Losurdo: "A Geopolítica da internet"

"A Geopolítica da internet"
por Domenico Losurdo

Este texto foi publicado na revista Belfagor. Rassegna di varia umanità, dirigida por Carlo Ferdinando Russo, 31 Julho 2010, p. 489-494. Rome.

"Mas a Internet não é ela mesma a expressão da liberdade de expressão? Os que argumentam isto são só os menos dotados (e os menos escrupulosos). Na realidade – reconhece Douglas Paal, ex-colaborador de Reagan e de Bush sénior – a Internet é actualmente «gerada por uma ONG que não passa de uma emanação do Departamento do Comércio dos EUA». Mas trata-se apenas de comércio? O semanário alemão Die Zeit pede esclarecimentos a James Bamford, um dos maiores especialistas sobre os serviços secretos americanos: «Os chineses também receiam que empresas americanas como o Google sejam em última análise instrumentos dos serviços secretos americanos em território chinês. Será isso uma atitude paranóica?» «De modo nenhum» é a resposta imediata. Pelo contrário – acrescenta o especialista – até «organizações e instituições estrangeiras estão infiltradas» pelos serviços secretos americanos, que estão sempre em condições de interceptar comunicações telefónicas em todos os cantos do planeta e devem ser considerados como «os maiores piratas informáticos do mundo»."

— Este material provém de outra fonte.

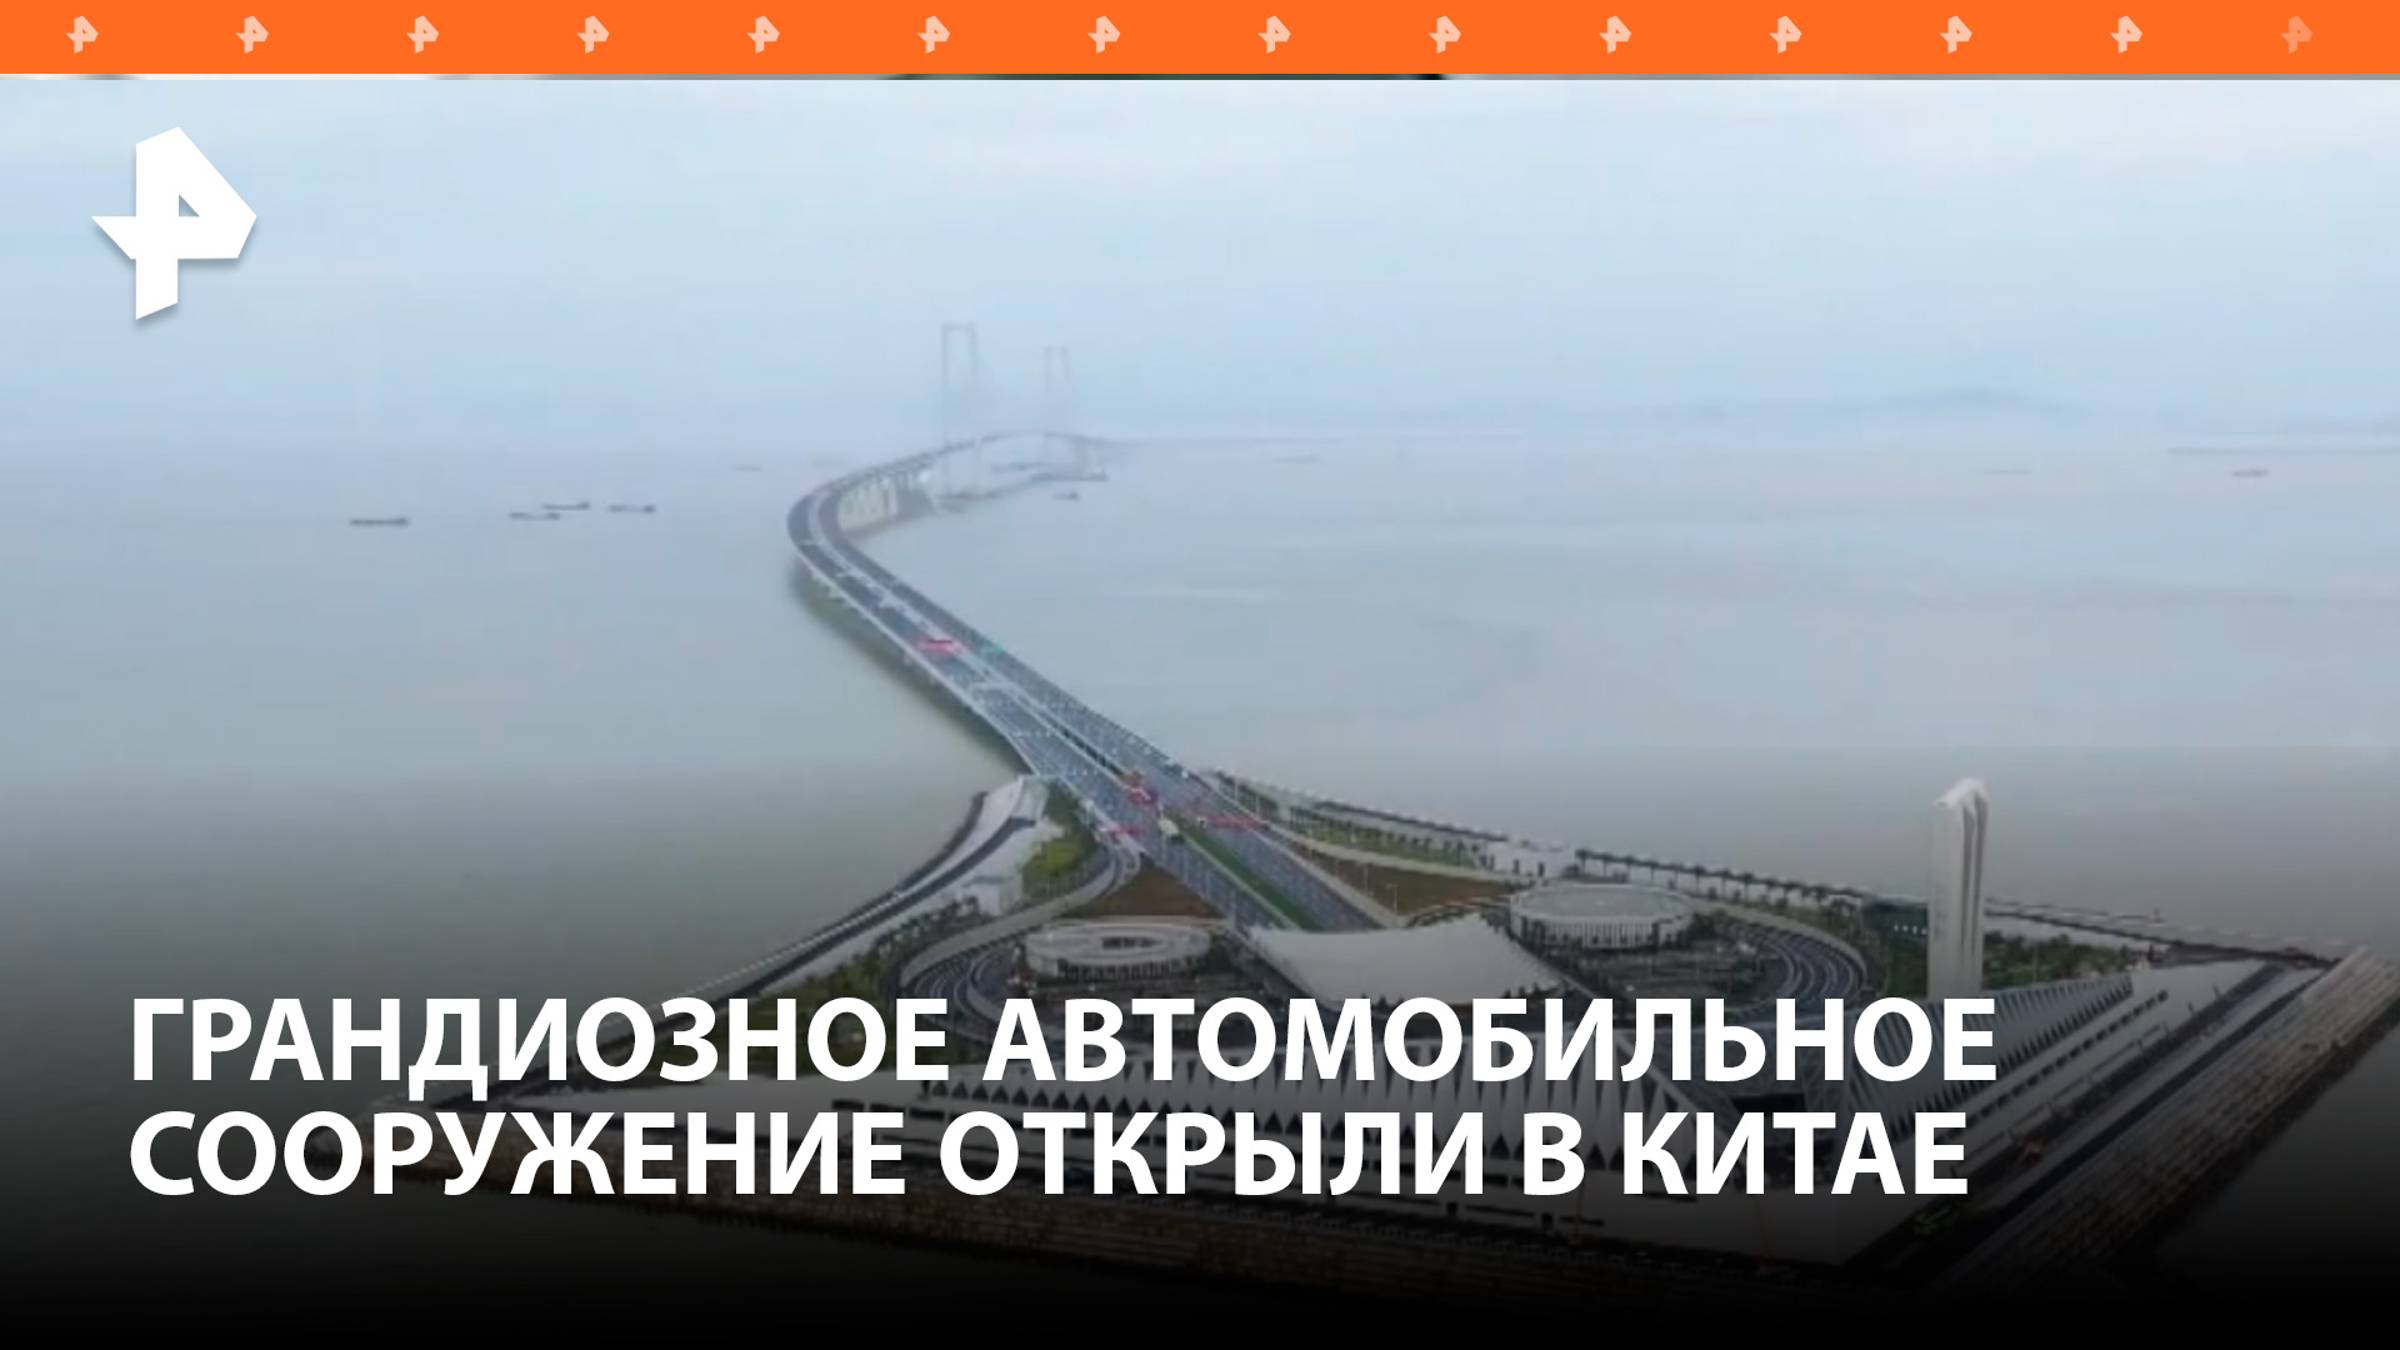 В Китае открыли морское шоссе, побившее 10 мировых рекордов / РЕН Новости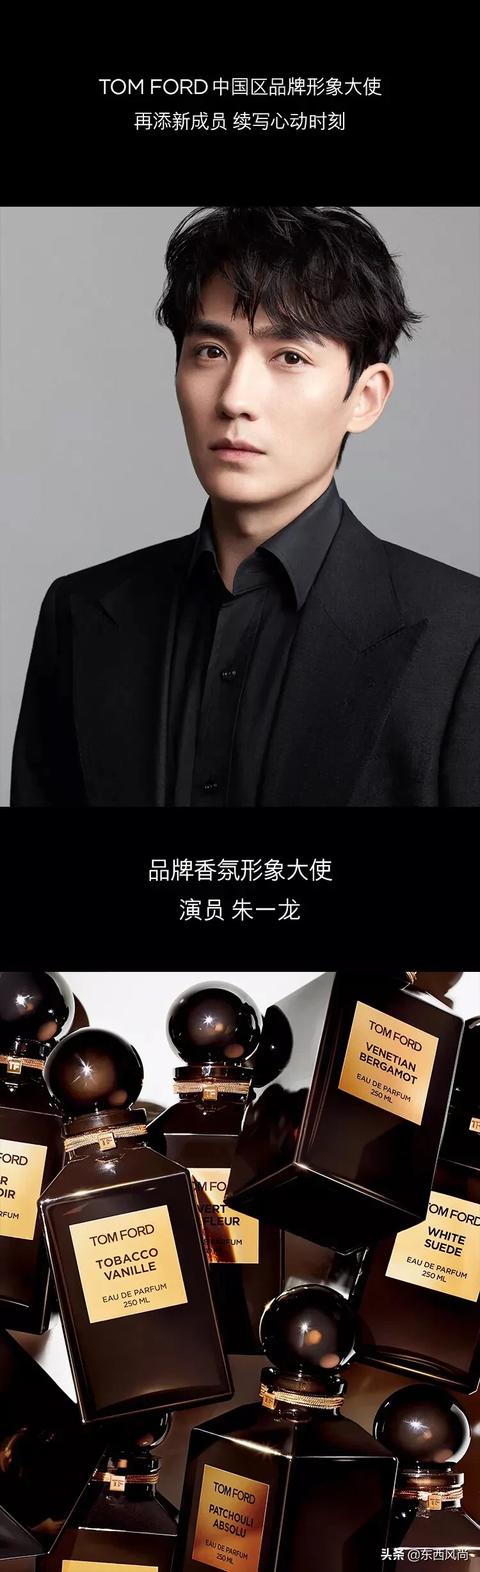 朱一龙成为TOM FORD 中国区品牌形象大使_布勒斯

O Google desafia o governo da República Popular da China: a grande imprensa de «informação» aplaudiu sem reservas o rigor moral e a coragem duma multinacional disposta a pagar caro em termos económicos para não se submeter às imposições da censura e reafirmar o direito humano à livre informação. Na verdade, embora de modo muito reduzido, também se fizeram ouvir algumas vozes apelando a uma maior prudência: teria havido apenas nobres motivações para explicar a posição do Google ou também haveria considerações de outra natureza? O grandioso gesto podia ser apenas um golpe de teatro numa habilidosa campanha de relações públicas: virar as costas desassombradamente a um mercado, embora prometedor, mas em que a concorrência local é feroz e conquistadora, pode vir a ser benéfico para a imagem e para os lucros da multinacional americana, abrindo-lhe o caminho para uma expansão noutros países e a nível mundial… E assim, no cenário traçado na Itália pelos órgãos de imprensa mais «não-conformistas», o cálculo utilitário aparece ao lado dos direitos do homem. A geopolítica, pelo contrário, continua a estar ausente, apesar de, para um observador mais atento, ser ela o autêntico protagonista.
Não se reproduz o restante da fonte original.